Au grand dam de son entourage, un couple veut se séparer et célébrer sa désunion avec une grande fête. C’est le sujet de Volveréis, le «film de crise» enchanteur et poétique de Jonás Trueba, qui réinvente la comédie de remariage.

Depuis quatorze ans, Ale (Itsaso Arana) et Alex (Vito Sanz) forment un couple solide, sinon fusionnel. Leur amour suscite même l’admiration de leur entourage, à plus forte raison parce qu’elle, réalisatrice, et lui, acteur, travaillent ensemble – Ale est en phase de montage de son dernier film, dans lequel elle se met en scène aux côtés de son compagnon. Oui, mais le couple décide de se séparer : pour les jeunes quadragénaires, c’est peut-être le moment d’ouvrir un nouveau chapitre dans leurs vies respectives. D’en clore un, en tout cas.

Car entre eux, le projet est acté, et il ne tarde pas à devenir officiel. Et puisqu’il n’y a dans celui-ci ni rancœur ni banalité, Ale et Alex entendent marquer le coup avec une grande et joyeuse fête de séparation, à laquelle ils convient tous leurs proches – «comme des noces, mais inversées», expliquent-ils à leurs amis, collègues et famille, qui répondent tous, ou presque, avec une incompréhension suprême.

On ne peut pas dire de manière évidente que Volveréis est une comédie (…) C’est comique, mais déprimé

Jouant sur les codes de la comédie romantique, plus particulièrement de la comédie de remariage – sous-genre de l’âge d’or d’Hollywood auquel le film fait quelques clins d’œil, de The Awful Truth (Leo McCarey, 1937), dont on retrouve ici le fond de la trame, jusque dans la coiffure d’Ale, qui évoque celle de Katharine Hepburn dans Bringing Up Baby (Howard Hawks, 1938) et The Philadelphia Story (George Cukor, 1940) –, Volveréis, que l’on peut traduire par «vous vous retrouverez», laisse peu de place au mystère.
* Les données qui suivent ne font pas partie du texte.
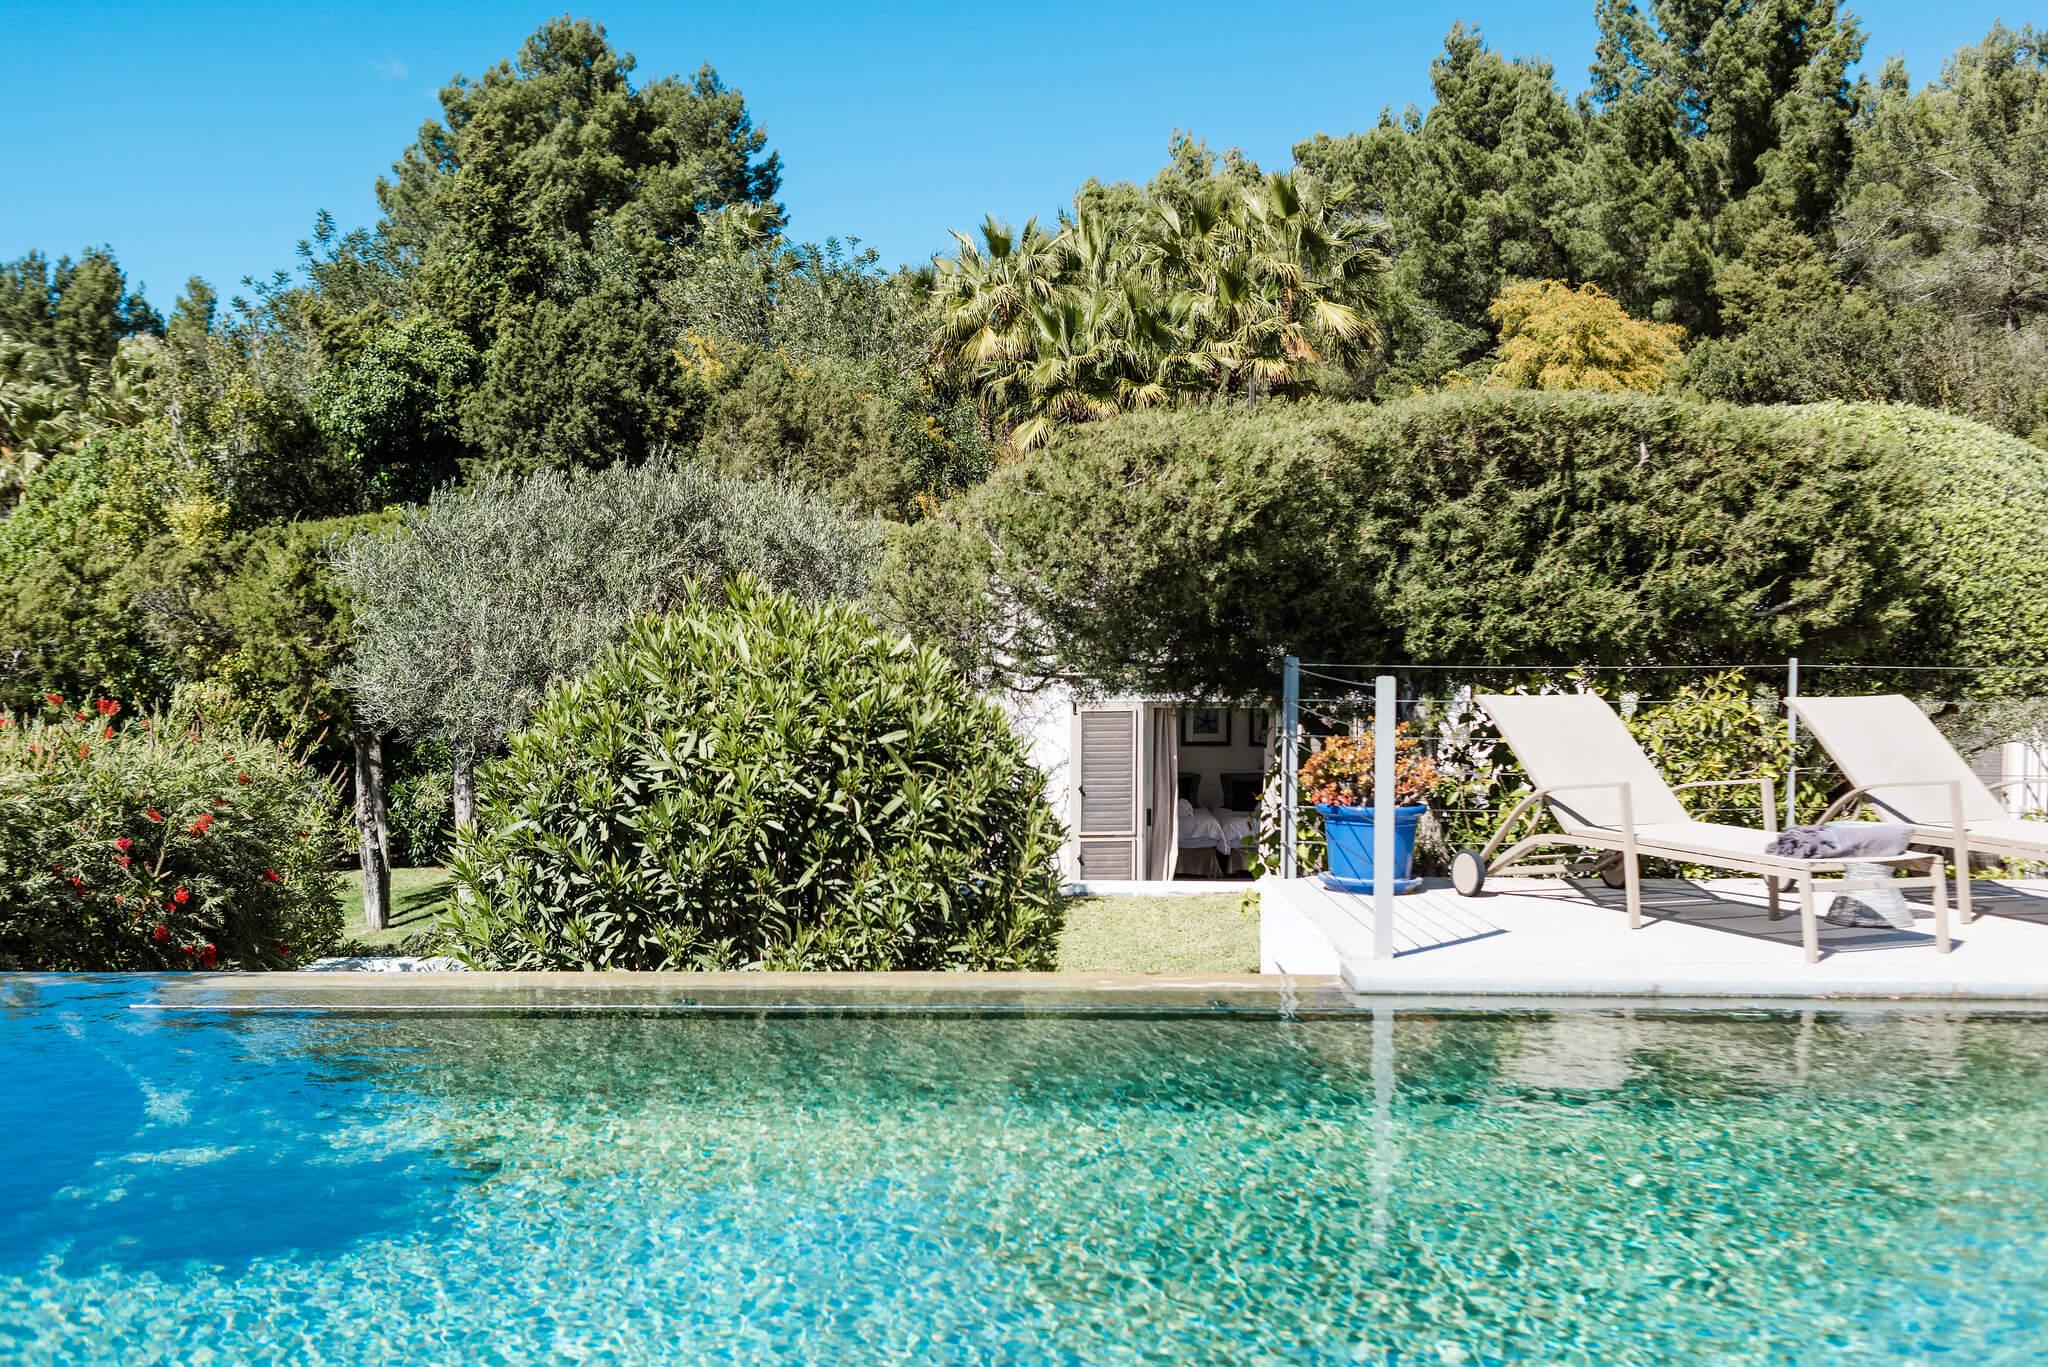 https://www.white-ibiza.com/wp-content/uploads/2020/06/white-ibiza-villas-casa-nyah-exterior-pool-water.jpg

Mais dans sa première heure, le film joue sur la répétition en multipliant les séquences où le couple annonce sa rupture, insistant moins sur les réactions de leurs proches que sur le fait que «tout va bien», comme pour se persuader eux-mêmes que la fin programmée d’un long amour n’a rien de dramatique. «On ne peut pas dire de manière évidente que Volveréis est une comédie», assure dans le dossier de presse son réalisateur, Jonás Trueba. «Sur le tournage, Vito et Itsaso n’arrêtaient pas de dire que le film avait un ton particulier, difficile à trouver. C’est comique, mais déprimé.»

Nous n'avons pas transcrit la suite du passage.